Turkish Union of Xanthi
- Formation: 1927
- Type: non-governmental organization
- Headquarters: Xanthi, Greece
- Location: Xanthi regional unit;
- President: Ozan Ahmetoğlu
- Affiliations: Cultural Association of Turkish Women of the Region of Rodopi Union of Turkish Youth of Komotini
- Website: http://www.iskeceturkbirligi.org/

= Turkish Union of Xanthi =

The Turkish Union of Xanthi (İskeçe Türk Birliği, Τουρκική Ένωση Ξάνθης) is one of the three most important organizations of the Turkish minority of Western Thrace. Founded in 1927, the organization was outlawed by Greek authorities in 1987 and 1999. In 2008, a decision of the European Court of Human Rights ordered the re-legalization of the association and convicted Greece of violating the freedom of association; however, the Greek authorities refused to re-legalize it. It has been accused of having relations with the Turkish Nationalist Movement Party and the far-right terrorist organization Grey Wolves.

== History ==
The organization was founded in 1927 as the House of the Turkish Youth in Xanthi. In 1936 it was renamed and registered as the Turkish Union of Xanthi, which is its current name. In November 1987, along with other Turkish organizations of western Thrace, the Turkish Union of Xanthi was banned because according to the court the word "Turkish" in their titles as a description for members of the Muslim minority of Greece endangered public order and it should be used only to refer to Turkish citizens. In response to the court's decision, large protests, held primarily by Pomaks, took place in Komotini. The organization appealed this decision to the Supreme Court of Greece (Court of Cassation). In 2005, the Supreme Court of Greece ordered the dissolution of the association, which according to the court "constitutes an attempt to affirm the presence of a Turkish minority in Greece", although such rulings have been judged to be in breach of article 11 of the European Convention on Human Rights.

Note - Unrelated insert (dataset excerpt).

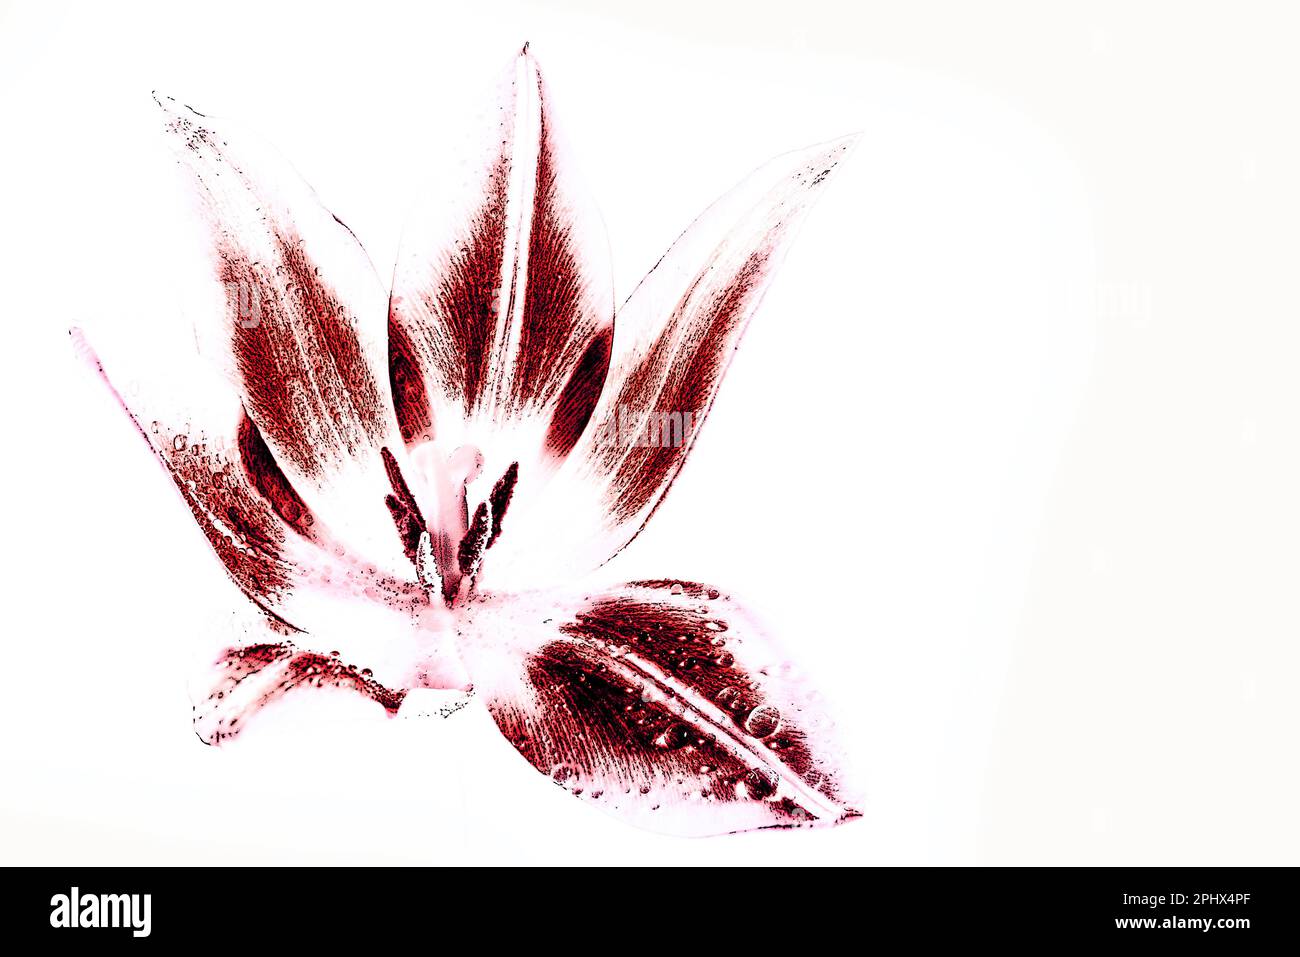 Fiore di tulipano rosso stilizzato con pistillo e stampino, illustrazione con effetto disegno, sfondo bianco, spazio copia Foto Stock

The Turkish Union of Xanthi then appealed the ruling to the European Court of Human Rights. On March 27, 2008, the court re-legalized the organization and other Turkish associations of the region. Additionally, the rulings of the Greek courts were judged to be violations of the European Convention on Human Rights. The Greek government appealed the decision and refused to recognize the Turkish Union of Xanthi; however, the European Court of Human Rights upheld its first ruling. In December 2008 the Appeals Court of Thrace, which ruled against the re-legalization of the association, stated that the ECHR decision was non-binding and that the court had neglected to consider "political" factors in its decision.